Submitted to: Plant Science
Publication Type: Peer reviewed journal
Publication Acceptance Date: 1/20/2014
Publication Date: 9/1/2014
Citation: Bunce, J.A. 2014. Limitations to soybean photosynthesis at elevated carbon dioxide in free-air enrichment and open top chamber systems. Plant Science. 226:131-135. Interpretive Summary: The stimulation in crop yields with rising atmospheric carbon dioxide depends primarily on the amount of increase in photosynthesis. The amount of stimulation in photosynthesis at elevated carbon dioxide depends on which biochemical component of the photosynthetic system limits photosynthesis. These experiments tested which component was limiting in soybeans grown under field conditions at an elevated carbon dioxide concentration using two different carbon dioxide enrichment systems. The results will be of interest to scientists attempting to maximize crop yields at future atmospheric carbon dioxide concentrations.
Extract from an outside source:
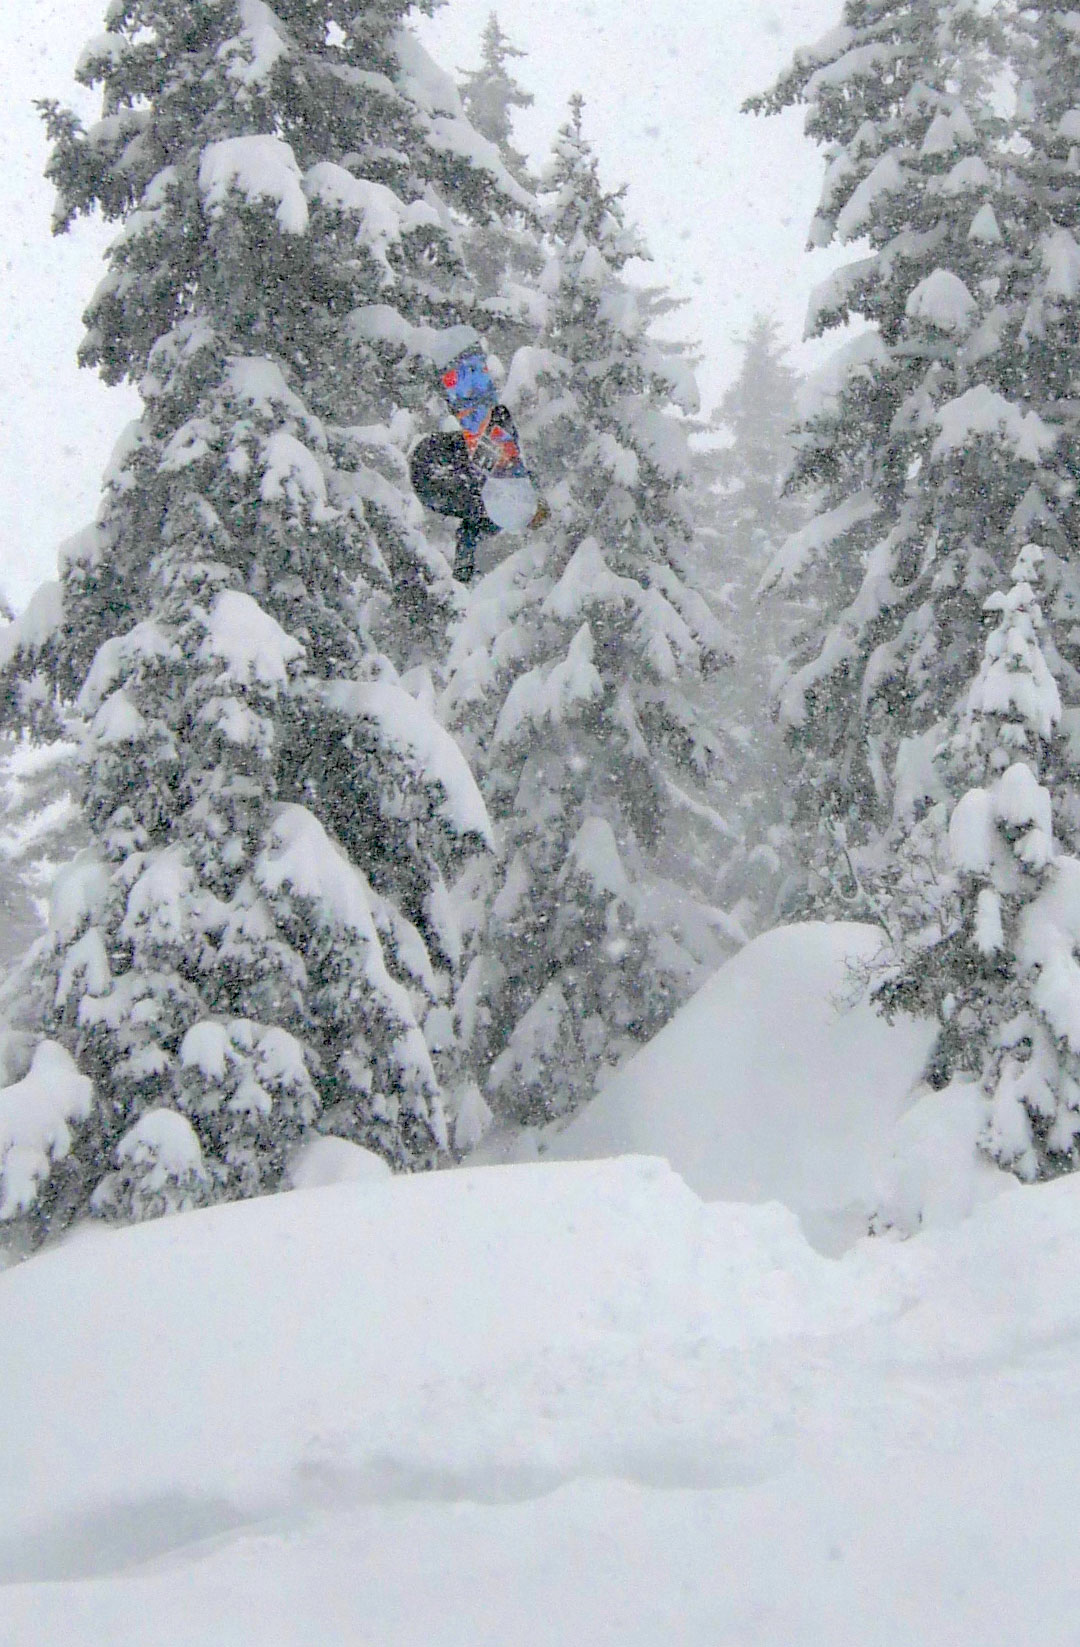 Prime-Snowboarding-Magazine-Libtech-Valerian-1

Technical Abstract: It has been suggested that the stimulation of soybean photosynthesis by elevated carbon dioxide concentration was less in free-air carbon dioxide enrichment (FACE) systems than in open top chambers (OTC). However, this has not been tested using the same cultivars grown in the same location. We tested the hypothesis that soybean photosynthesis at high light and elevated carbon dioxide (ambient + 180 ppm) was limited by electron transport in FACE systems but by ribulose-bisphosphate carboxylation capacity in OTC. We also compared FACE systems with daytime and continuous carbon dioxide enrichment. The results indicated that in both cultivars examined, midday photosynthesis at high light was always limited by ribulose-bisphosphate carboxylation capacity, both in the FACE and in the OTC systems. Daytime only carbon dioxide enrichment did not affect photosynthetic parameters or limitations, but did result in significantly smaller yields in both cultivars than continuous elevation. Photosynthesis measured at low photosynthetic photon flux density was not higher at elevated than at ambient carbon dioxide, because of an acclimation to elevated carbon dioxide which was only evident at low measurement photon flux density. This type of acclimation of photosynthesis to elevated carbon dioxide could substantially reduce daily canopy photosynthesis, and should be accounted for in soybean crop simulation models.